## TASK PROMPT:
All that belongs in the answer is the lines from the one containing "reunio alcaldia conselleria" to the end of the listing below, copied exactly, pictures excluded.

## DATA SEGMENT:

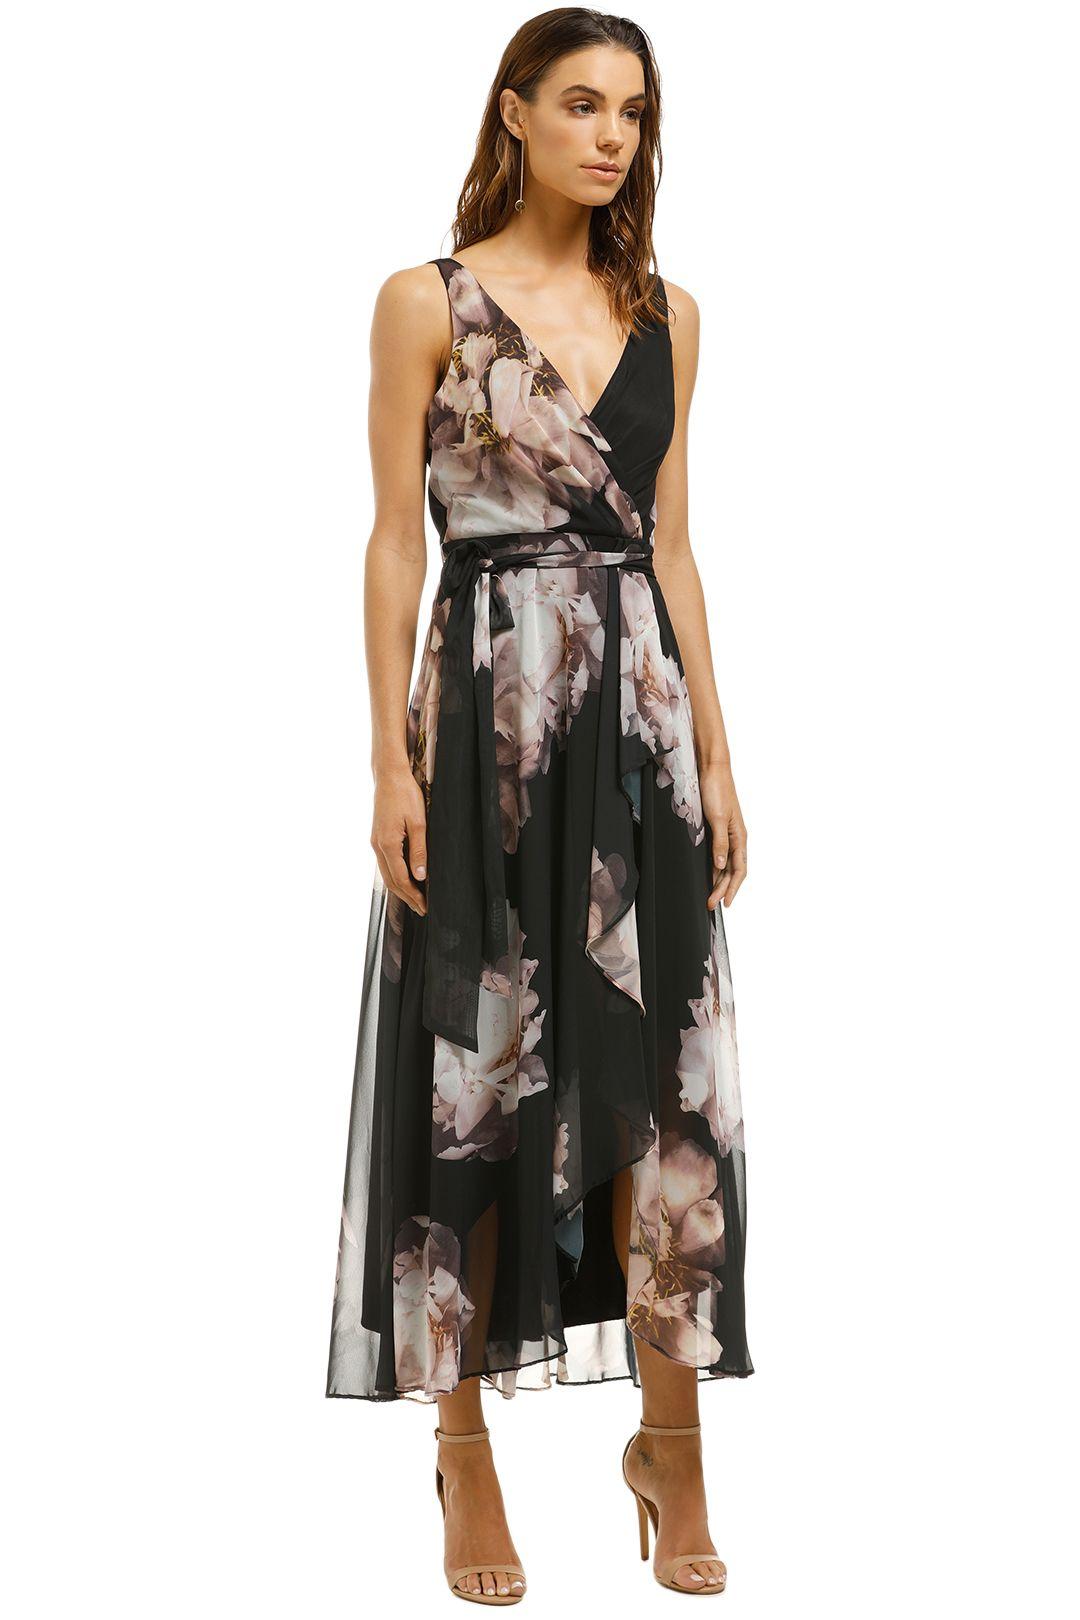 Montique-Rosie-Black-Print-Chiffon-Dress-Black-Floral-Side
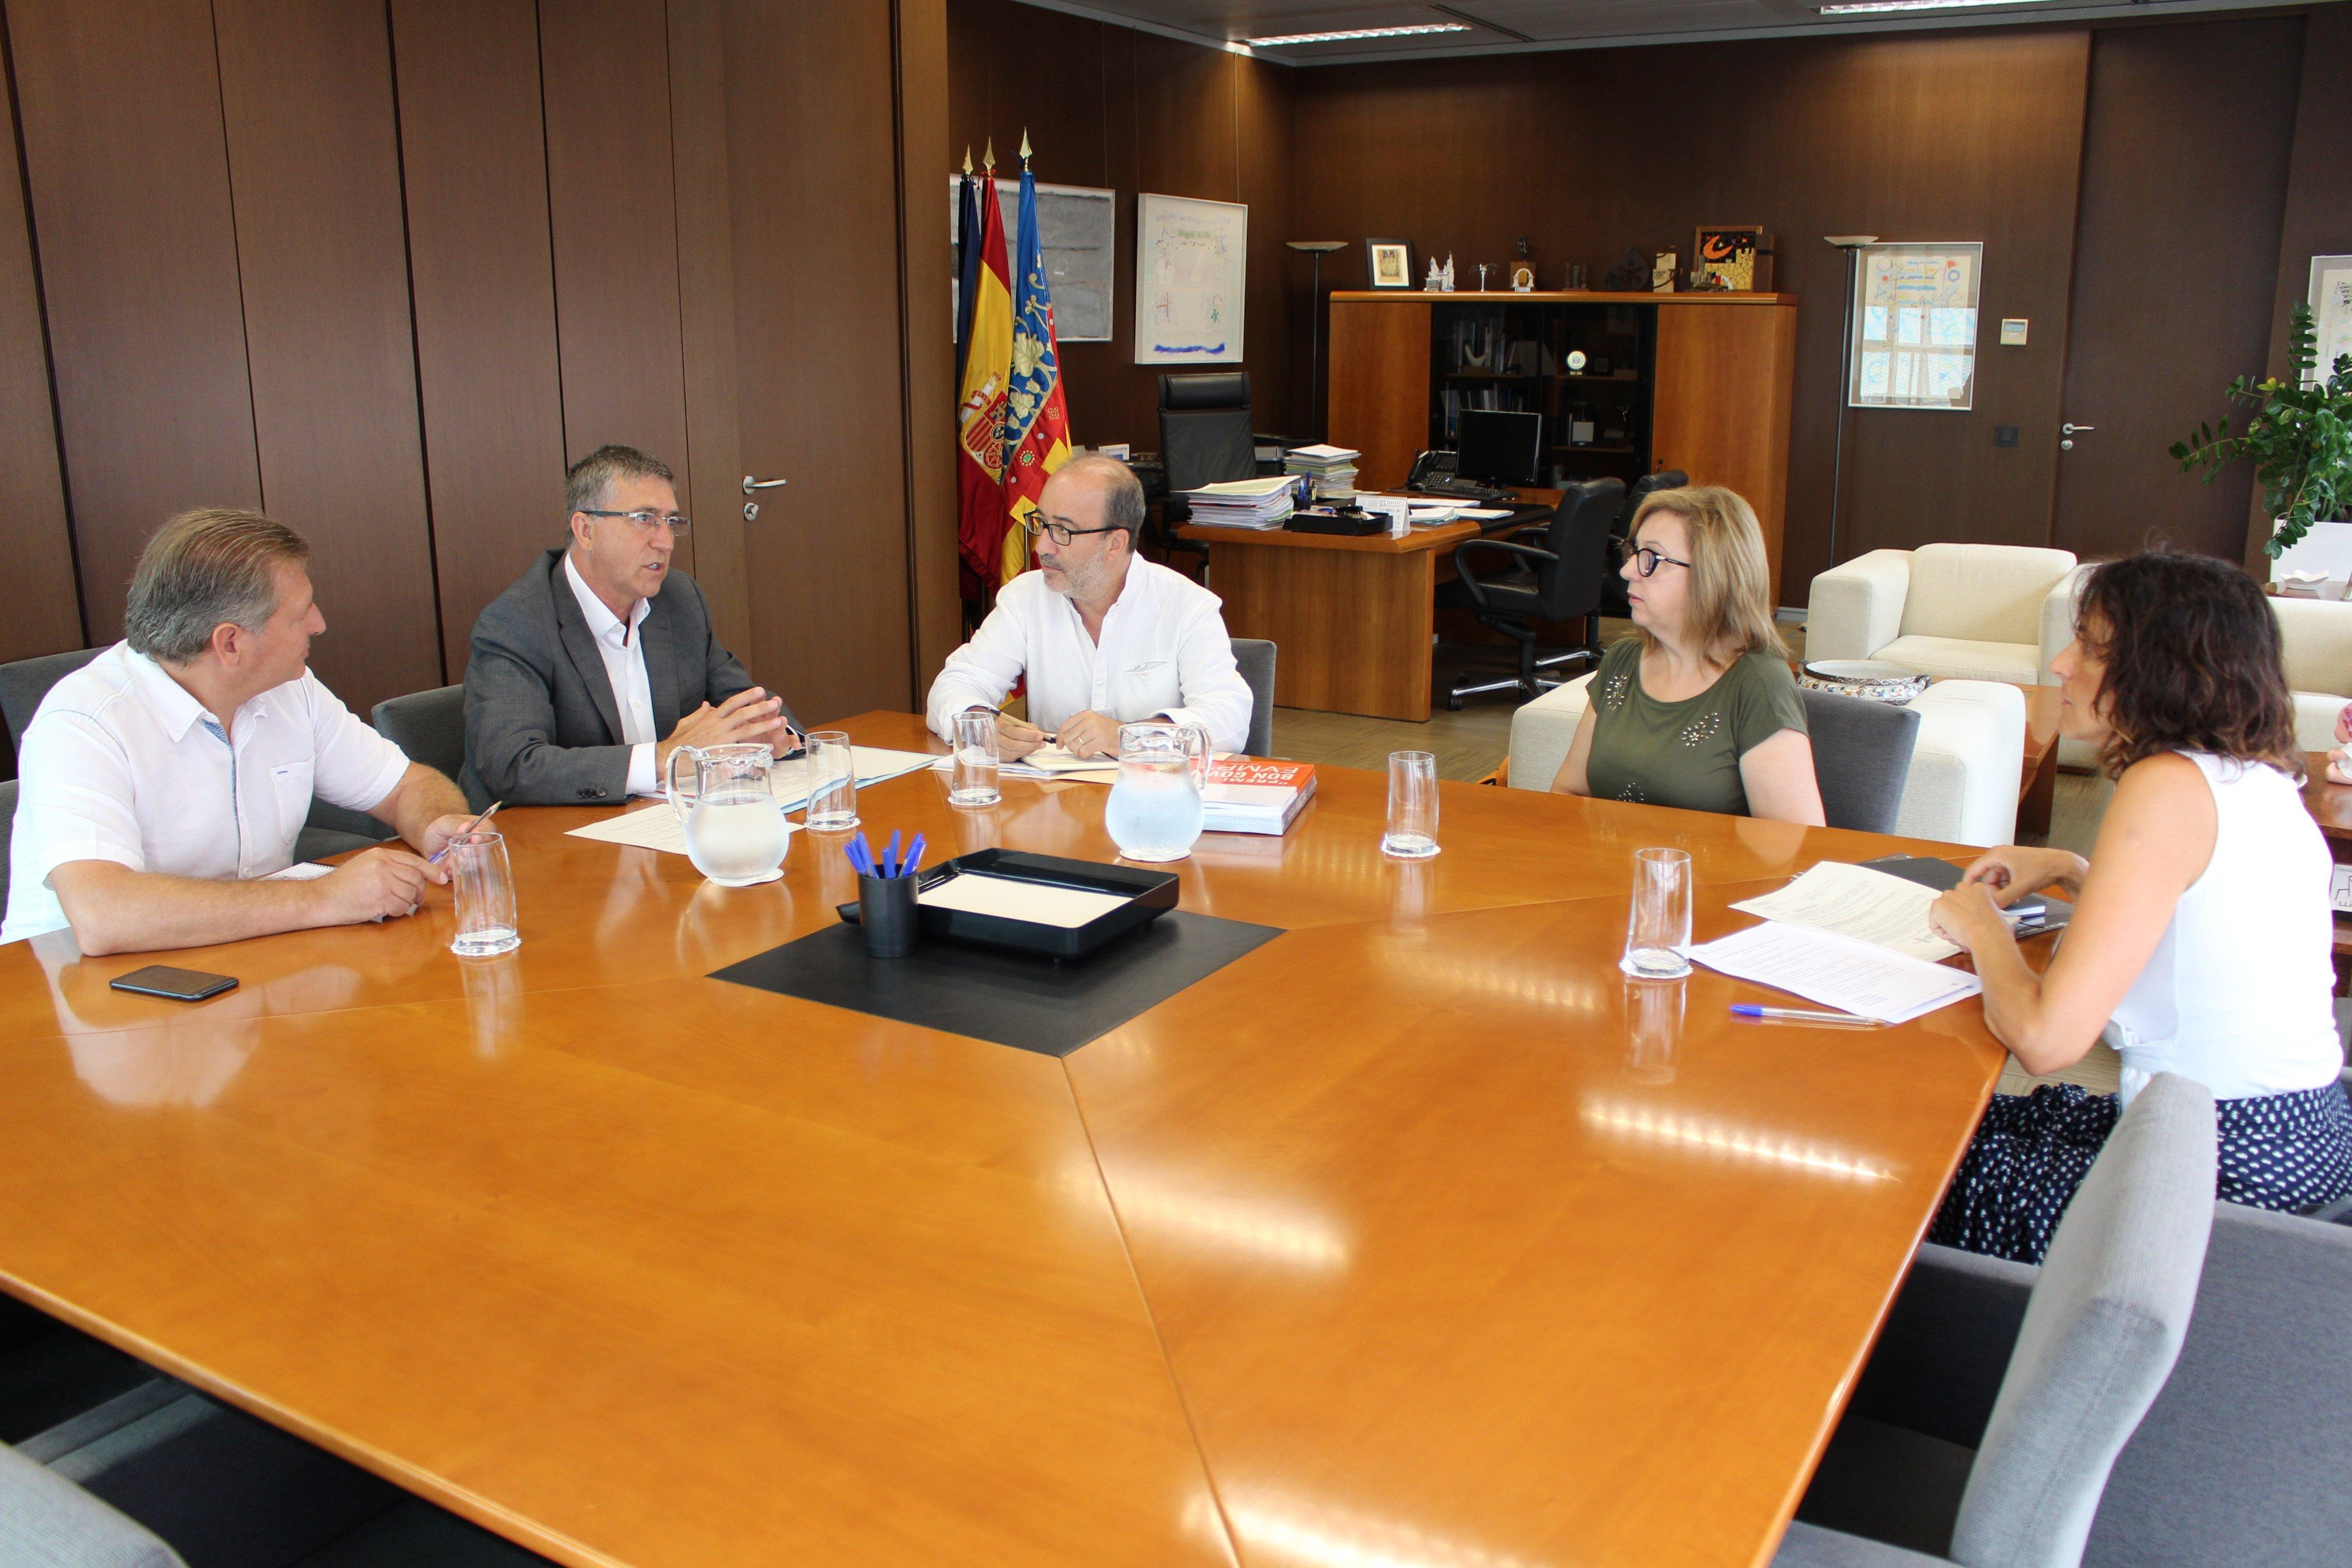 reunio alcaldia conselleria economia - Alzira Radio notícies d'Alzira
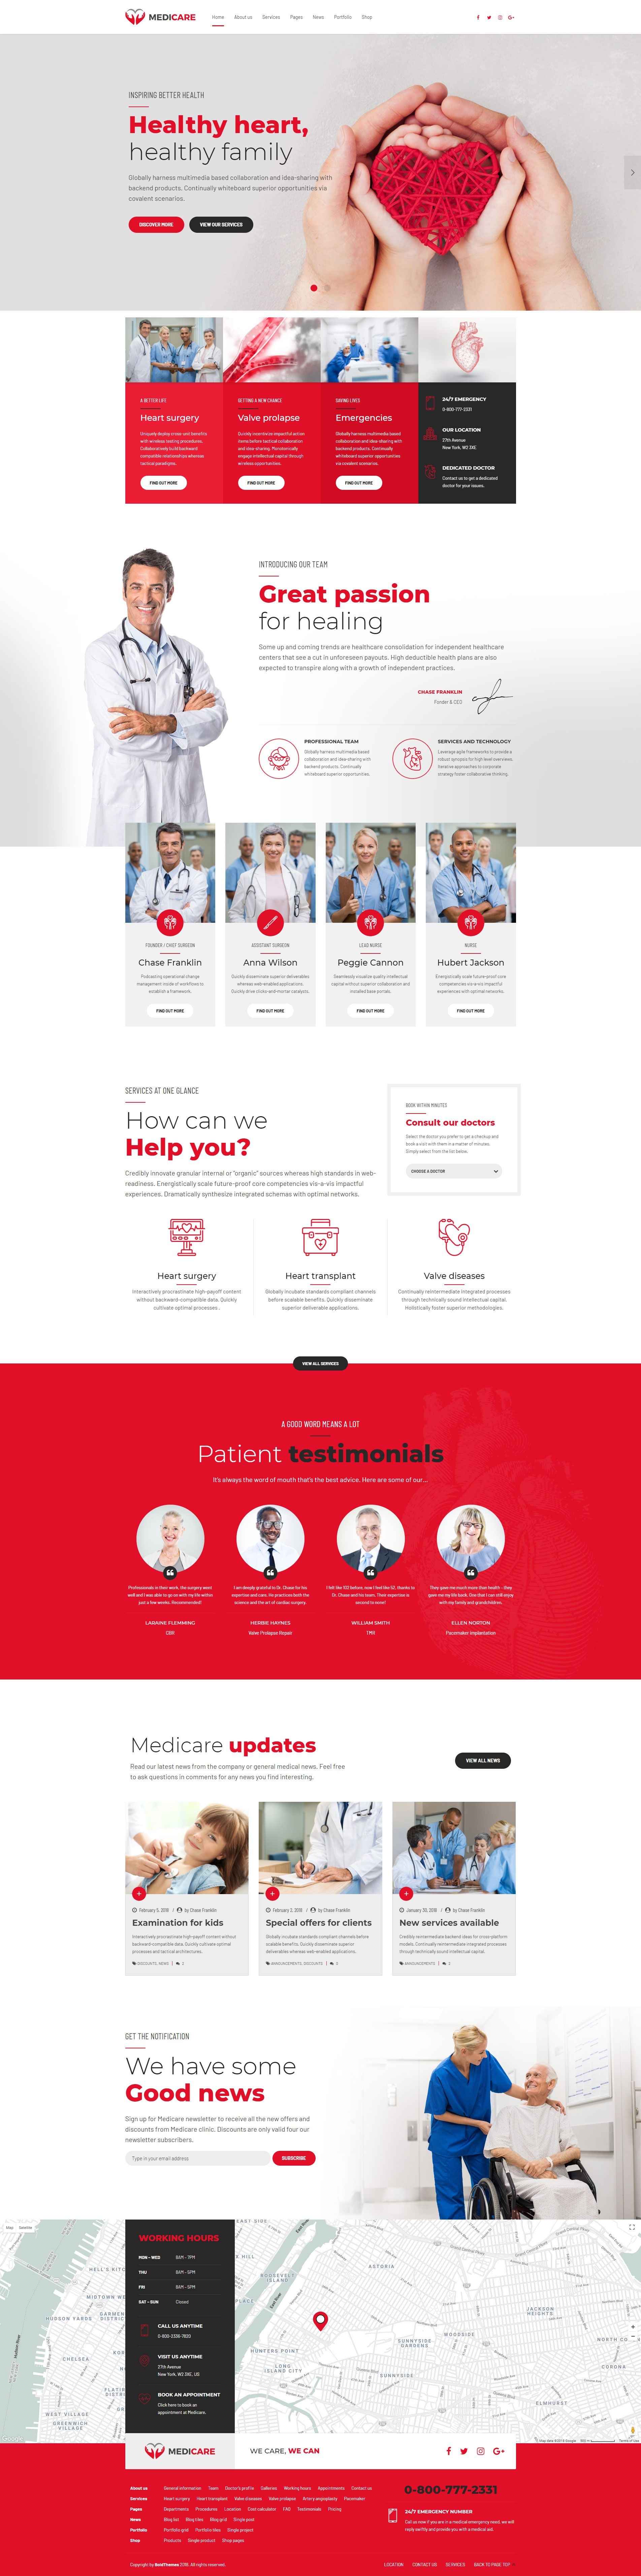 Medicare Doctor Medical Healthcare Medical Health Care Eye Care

## ANSWER BOX:
 reunio alcaldia conselleria economia - Alzira Radio notícies d'Alzira
 Medicare Doctor Medical Healthcare Medical Health Care Eye Care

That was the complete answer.